▶ _DATA SECTION_:
== Segment start ==

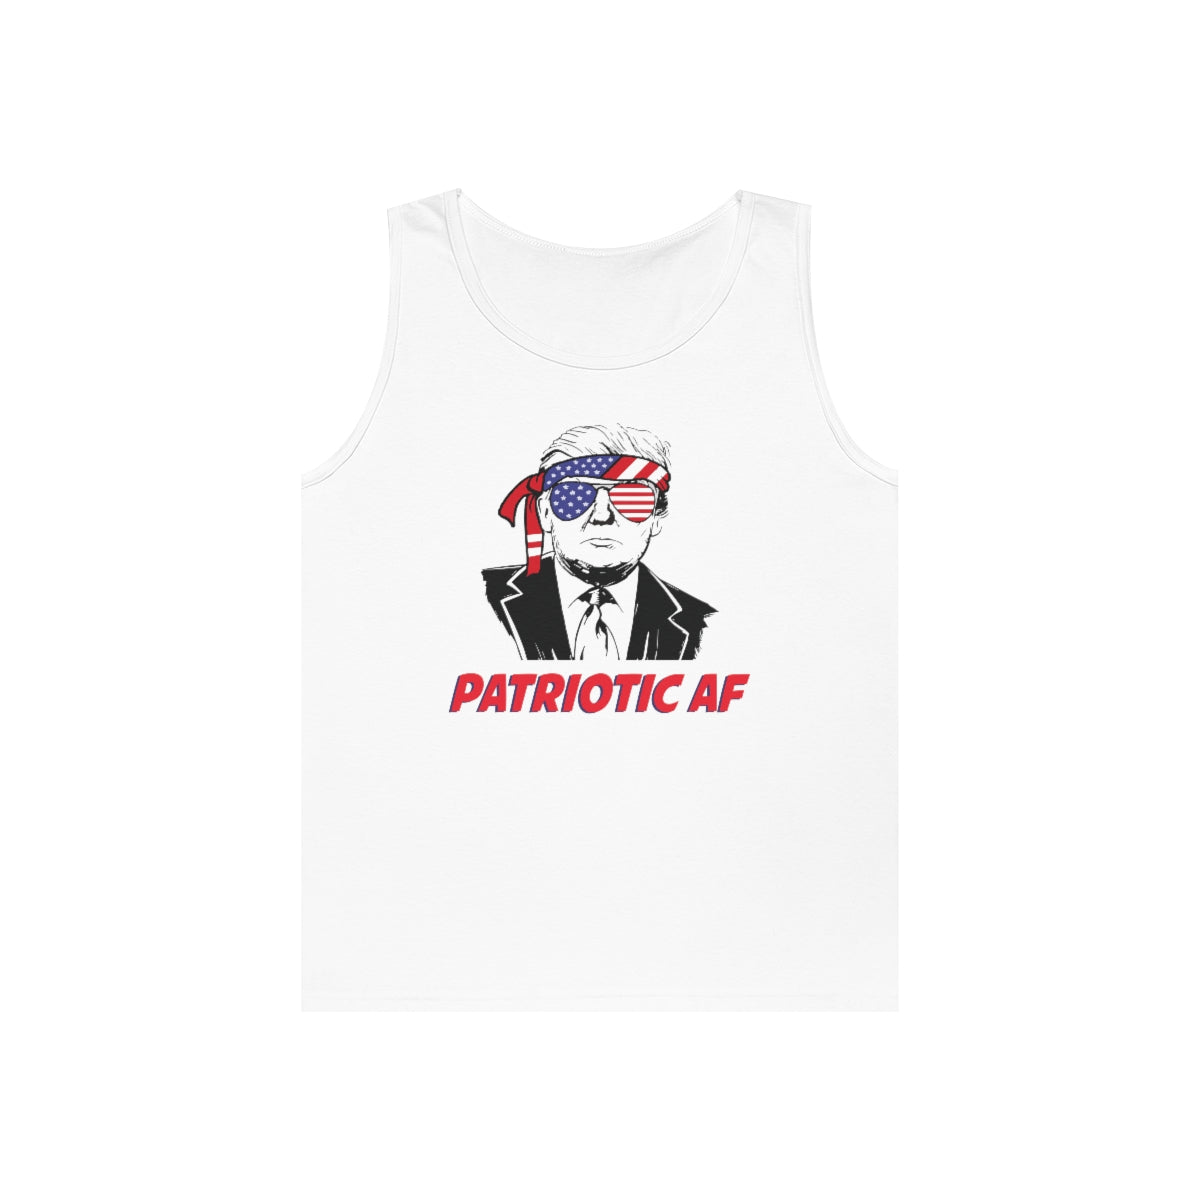 Patriotic AF with Trump | Men's Heavy Cotton Tank Top - Rise of The New Media
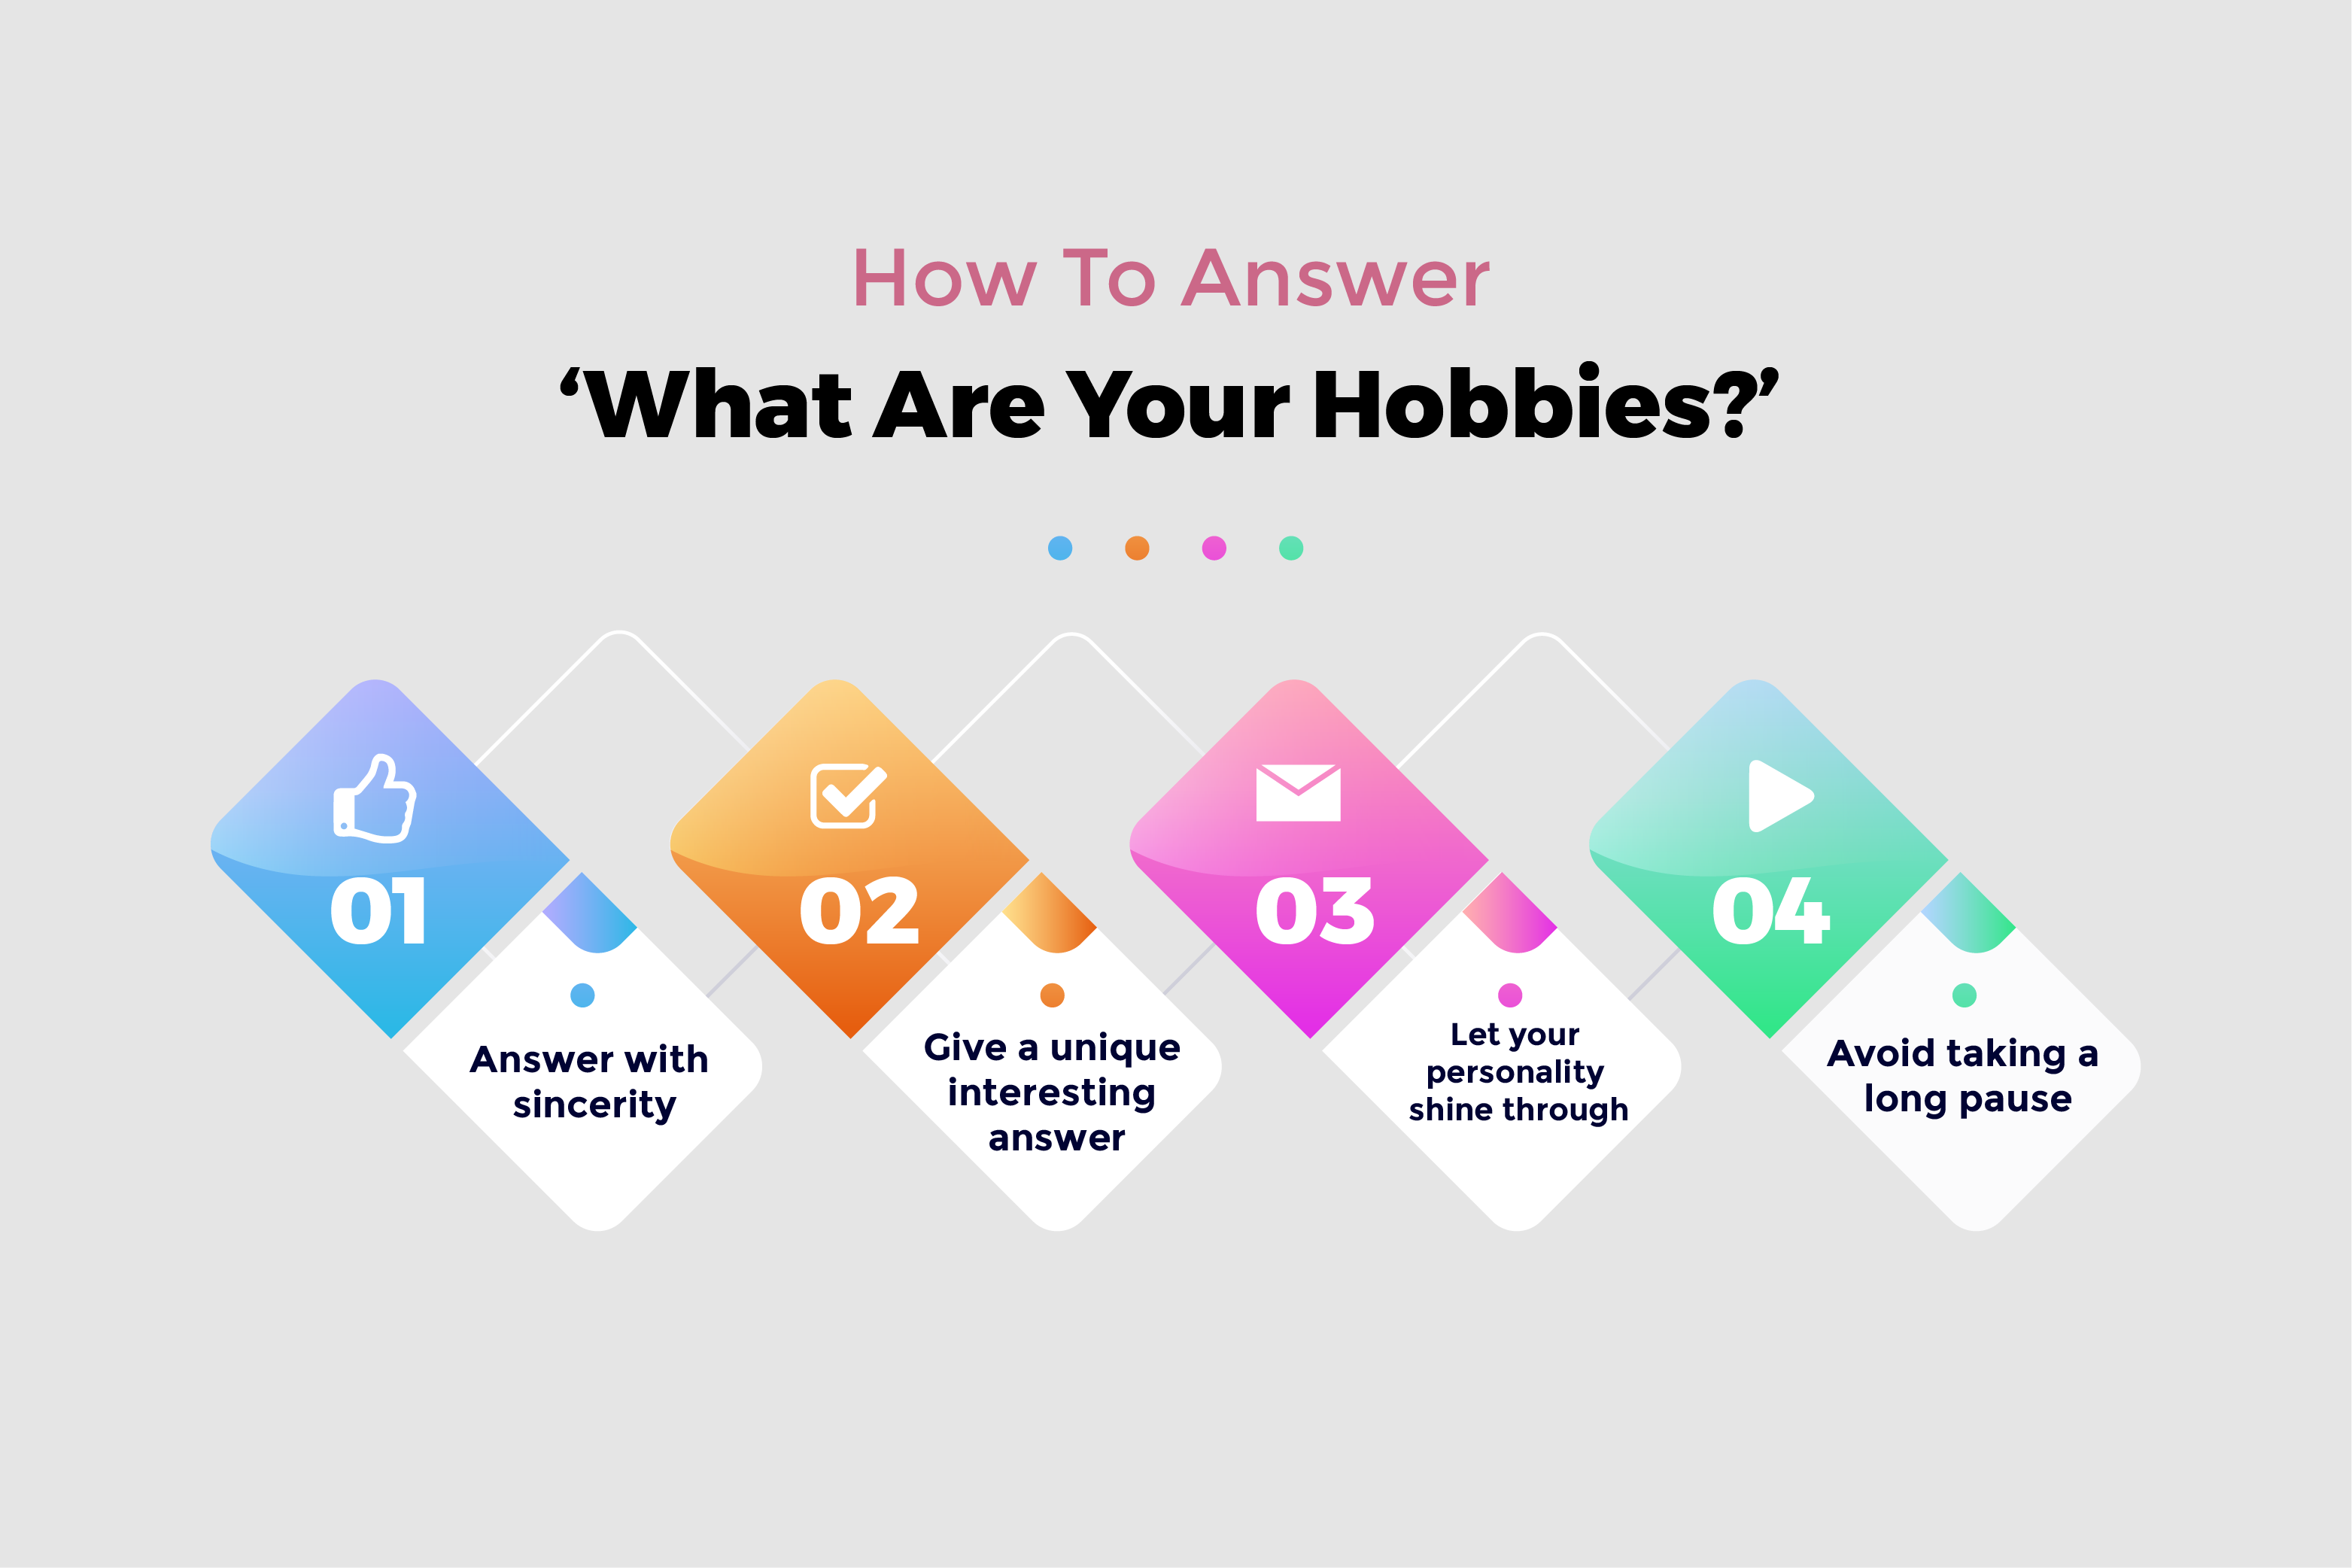 How To Answer ‘What Are Your Hobbies?’
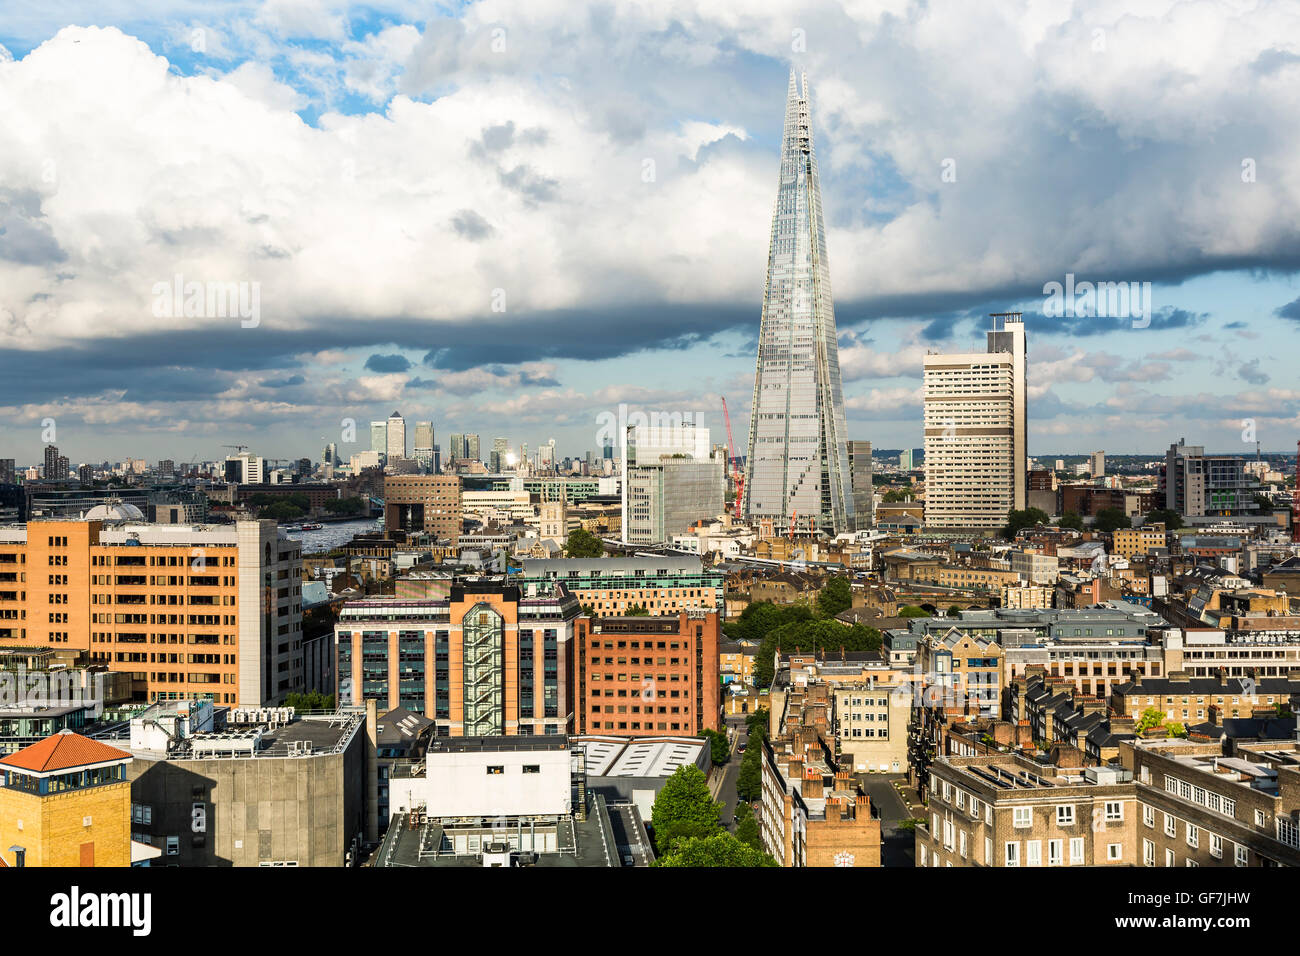 London, England - June 2016. View of  the Shard, the tallest building in London, from the Tate Modern Observation Deck Stock Photo

== Segment end ==

None of the pictures should appear; copy the rest of the material above exactly.

 Patriotic AF with Trump | Men's Heavy Cotton Tank Top - Rise of The New Media
 How To Answer ‘What Are Your Hobbies?’
 London, England - June 2016. View of  the Shard, the tallest building in London, from the Tate Modern Observation Deck Stock Photo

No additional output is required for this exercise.